Entertaining Ourselves to Death

A Sermon Given
by the Reverend Roger Fritts
on October 1, 2000
at Cedar Lane Unitarian Universalist Church
Bethesda, Maryland

This summer, as I do every summer, I flew out west to visit my father and my stepmother in Prescott, Arizona. Last spring I searched for the cheapest airfares and I found the best deal was to fly to Las Vegas (instead of Phoenix) and rent a car. So the end of July found me in Las Vegas with my fourteen-year-old son, David, and my ten year old daughter, Rachel. My wife Leslie joined us later.

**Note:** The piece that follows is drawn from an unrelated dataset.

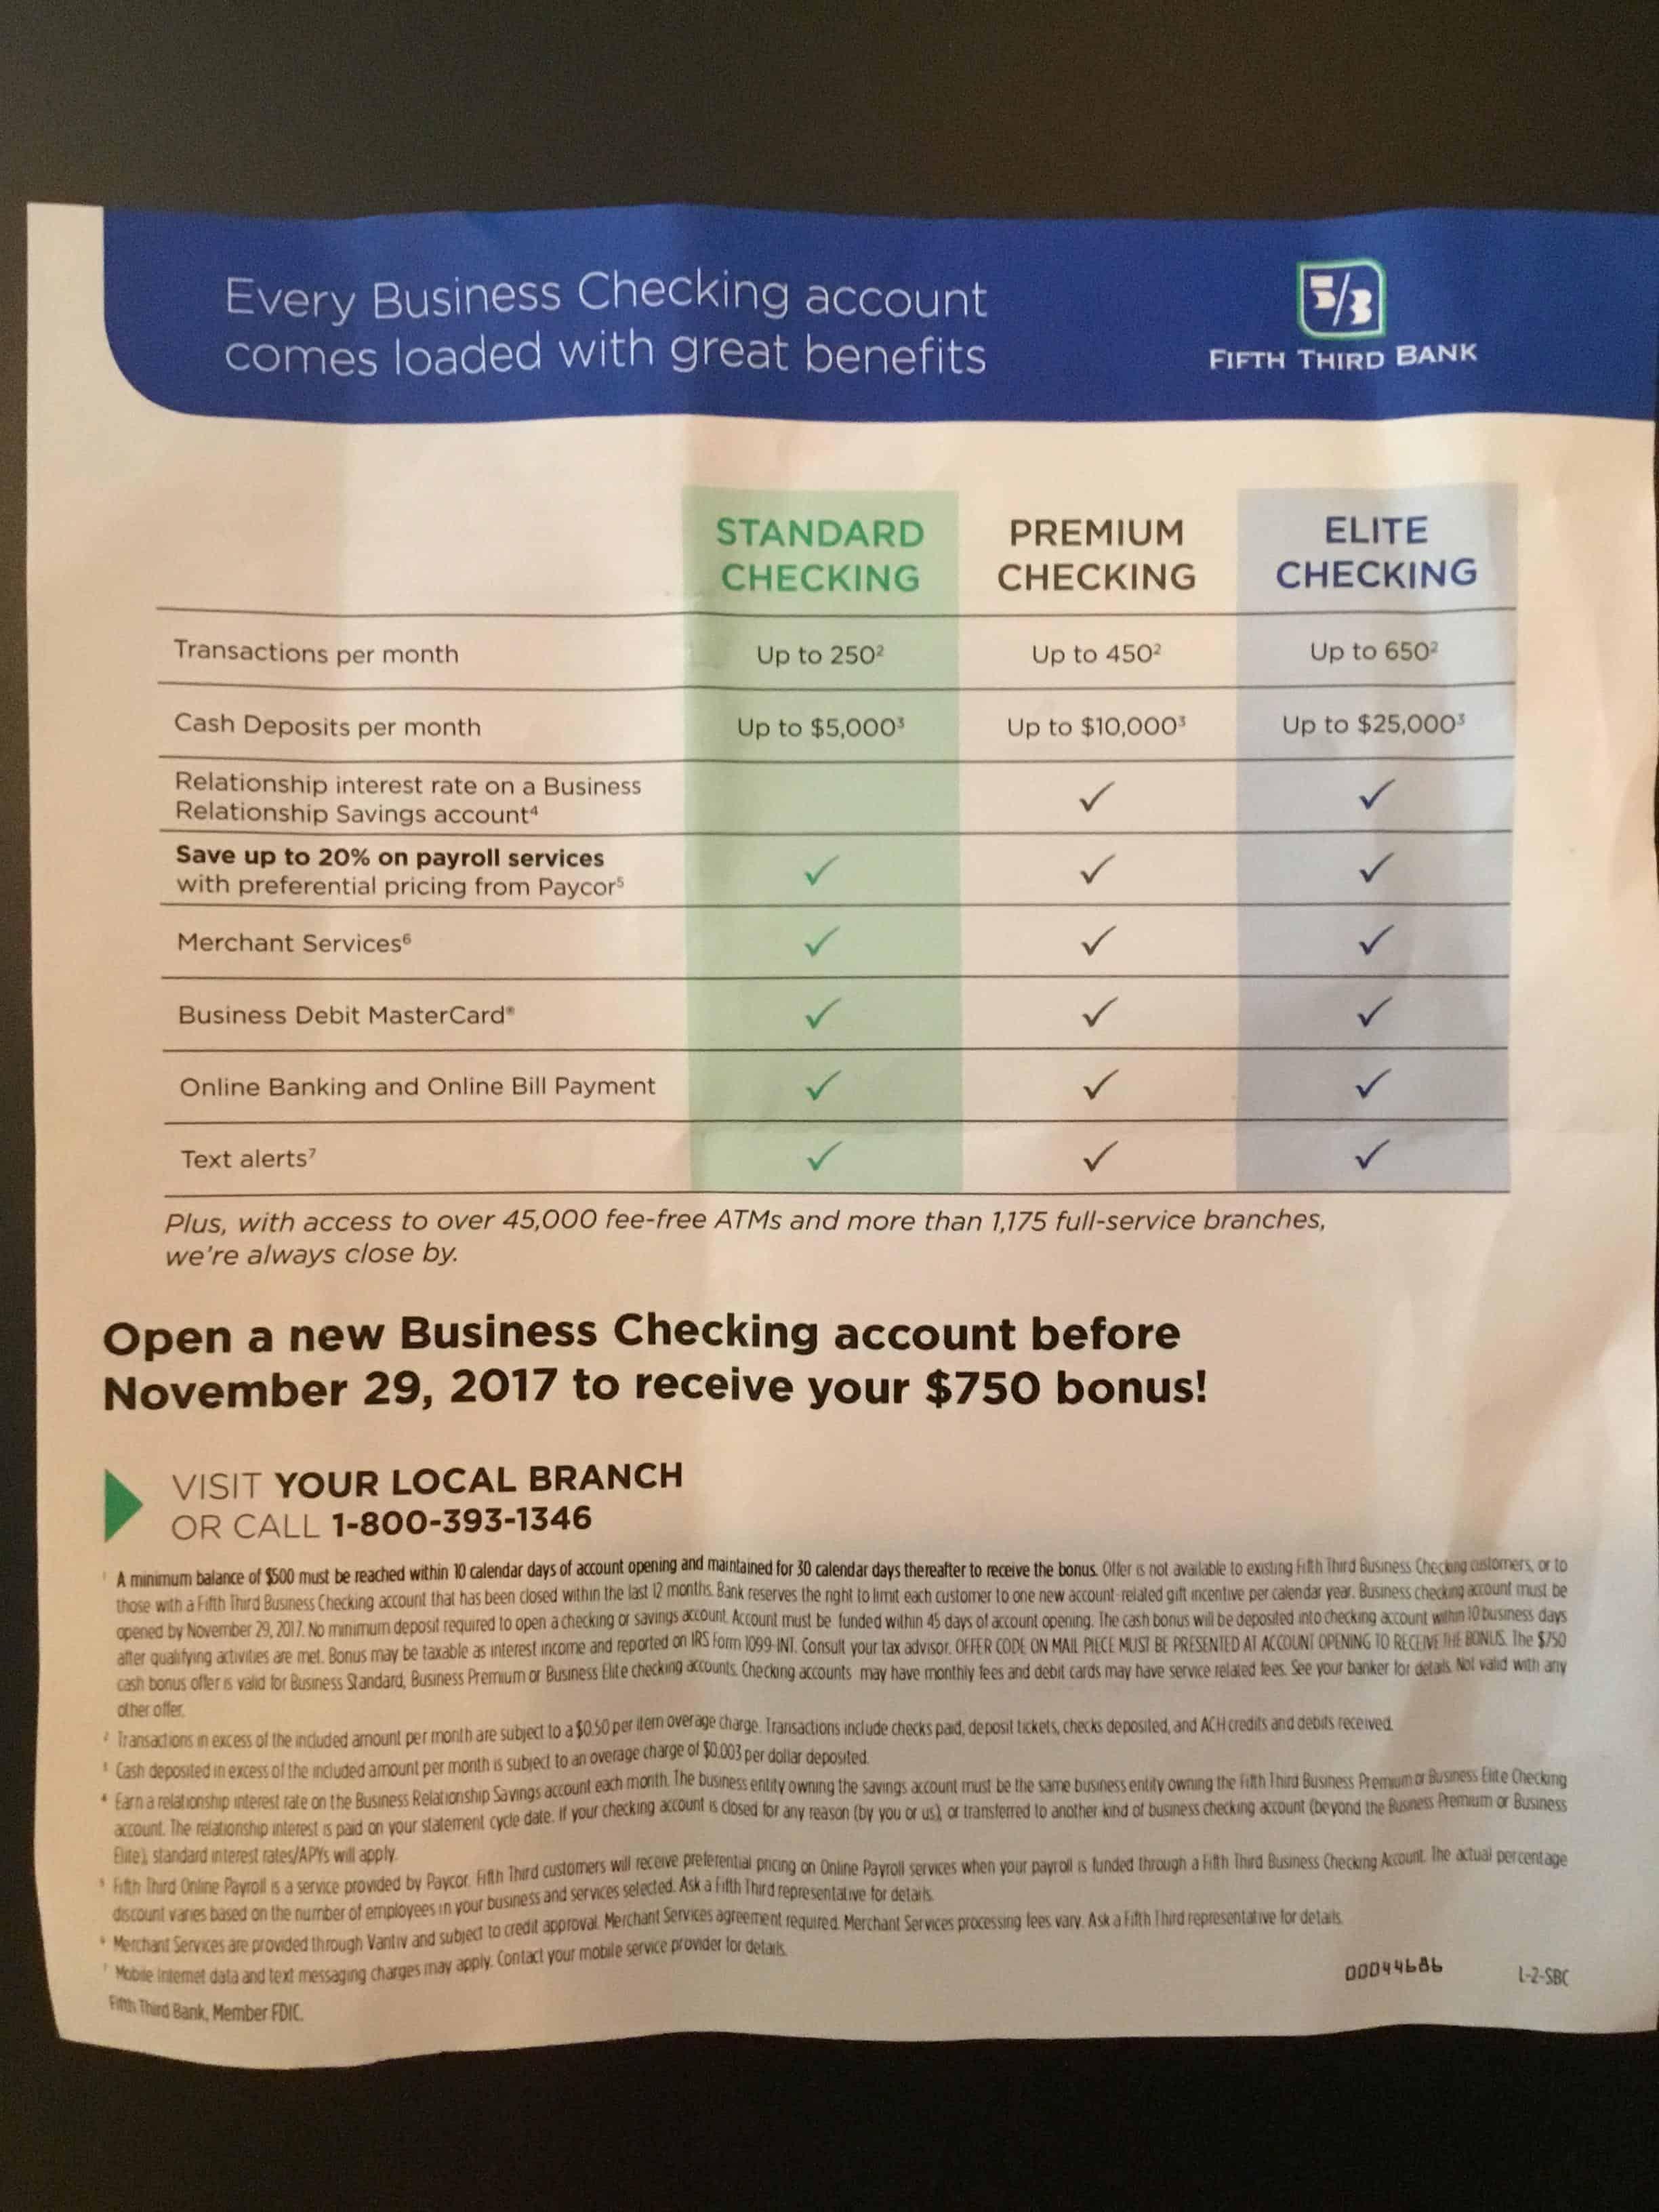 fifth third bank business checking account review $750 bonus

As I looked at the lights of the city, I remembered a passage by the social critic Neil Postman. He wrote:

At different times in our history, different cities have been the focal point of a radiating American spirit. In the late eighteenth century, for example, Boston was the center of a political radicalism that ignited a shot heard round the world. At its report, all Americans became Bostonians at heart. In the late nineteenth century, New York became the symbol of the idea of a melting-pot America as the immigrants from Europe disembarked and spread over the land. In the early twentieth century, Chicago, the city of big shoulders, came to symbolize the industrial energy and dynamism of America.

Today, Neil Postman said,

We must look to the city of Las Vegas, Nevada as a metaphor of our national character and aspiration. Las Vegas is a city entirely devoted to the idea of entertainment, and as such proclaims the spirit of a culture in which all public discourse increasingly takes the form of entertainment. Our politics, religion, news, athletics, education and commerce have been transformed into adjuncts of show business, largely without protest or even much popular notice. The result is that we are a people on the verge of amusing ourselves to death.

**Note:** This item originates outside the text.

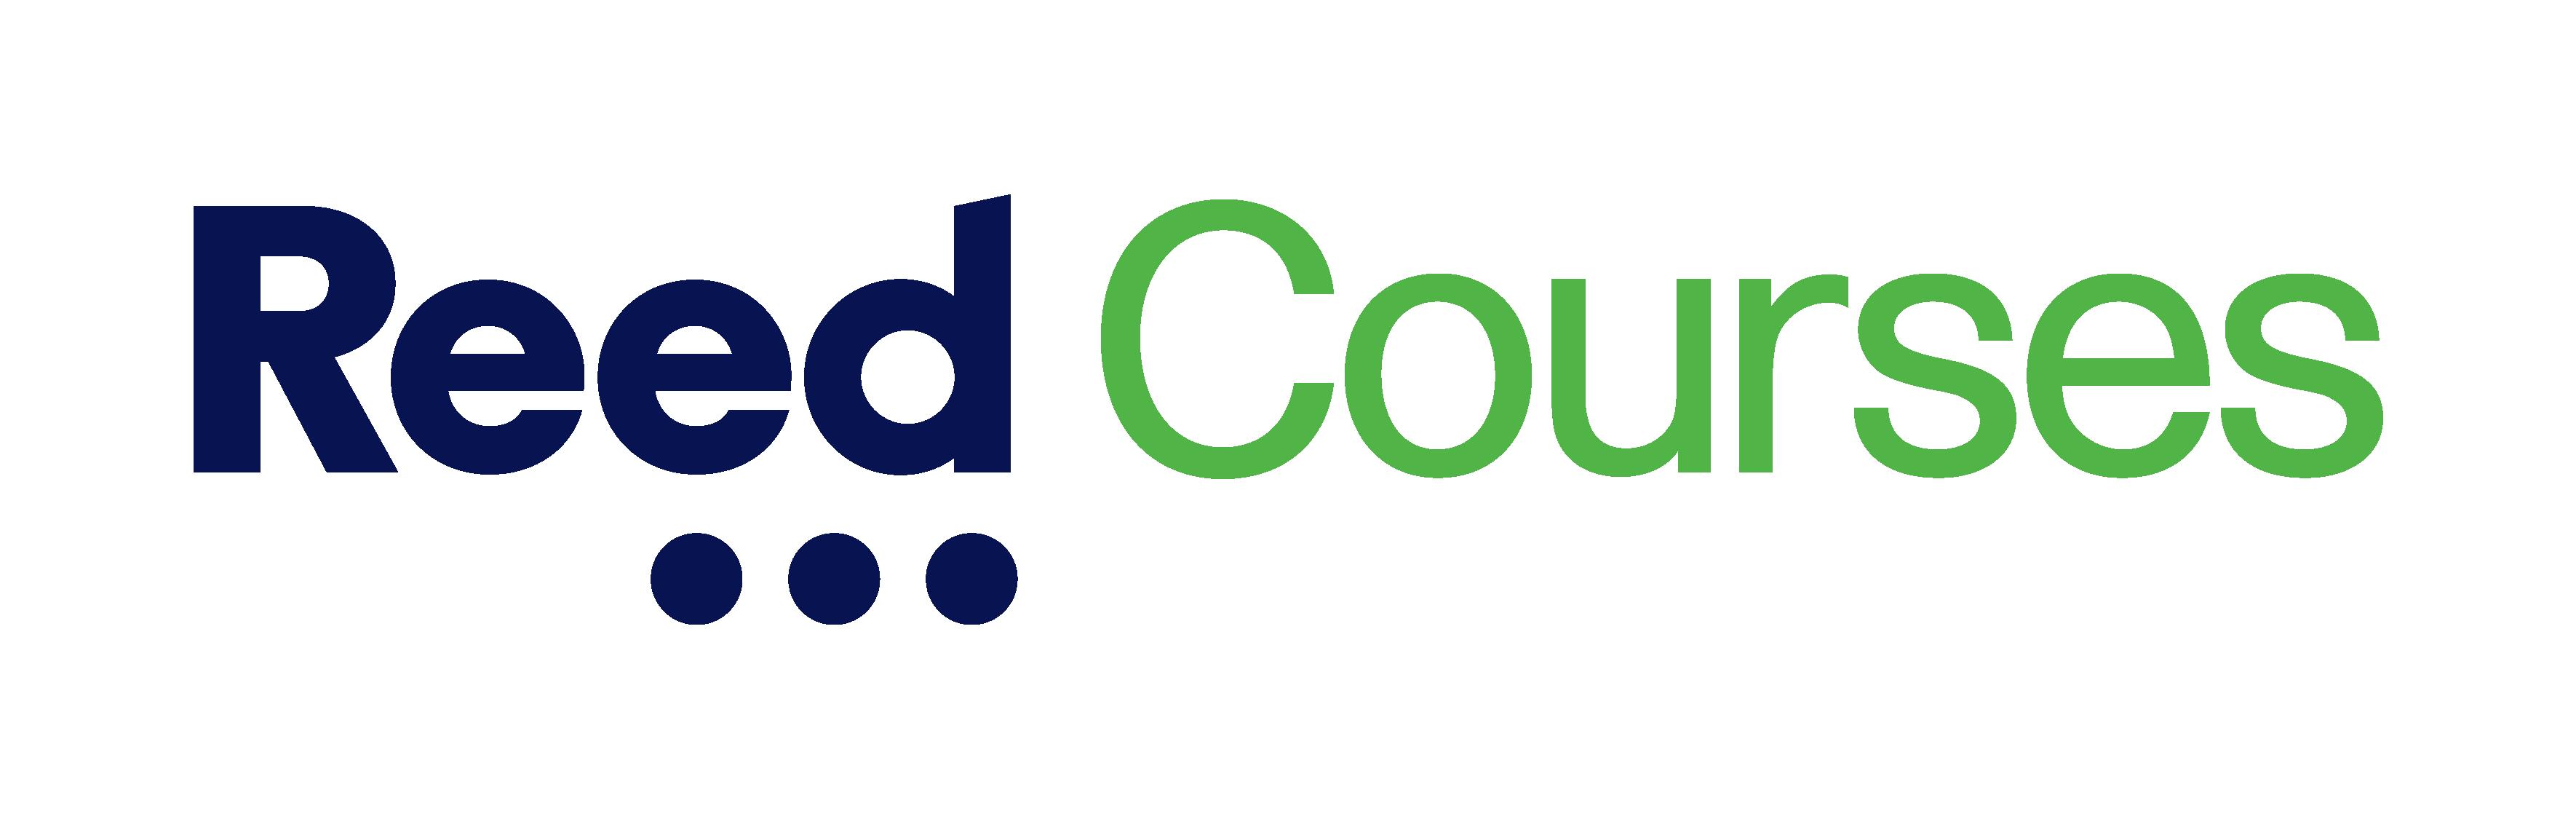 Reed Courses logo - blue and green horizontal logo

So we visited Las Vegas, this metaphor of our national aspiration. We walked through vast air-conditioned, windowless casinos filled with artificial light. Hundreds of people stood before slot machines, holding their plastic cups of coins. They inserted coins, pulled the handles, waited a moment for the dials to stop spinning, inserted coins, pulled the handle--over and over again. Always there was the sounds of bells, buzzers and metallic clatter of coins along with flashing lights. Although, I did not join in this orgy of gambling, I could feel the attraction, the dream. Just drop a coin in the slot, pull the lever and magically you are suddenly rich. No work, no effort, just wonderful luck.

Gambling is not the only form of seductive entertainment to be found in Las Vegas. There are, of course, the traditional floor shows, which I did not go to see, and there are also amusement rides, which I did visit with my children. We went, for example, to a building in Las Vegas called the Stratosphere. At 1,149 feet, it is the tallest building west of the Mississippi River. At the top of the tower is a rotating restaurant and an observation deck where those who are not afraid of heights can look out at the strange city that is Las Vegas and at the desert that is beyond the city.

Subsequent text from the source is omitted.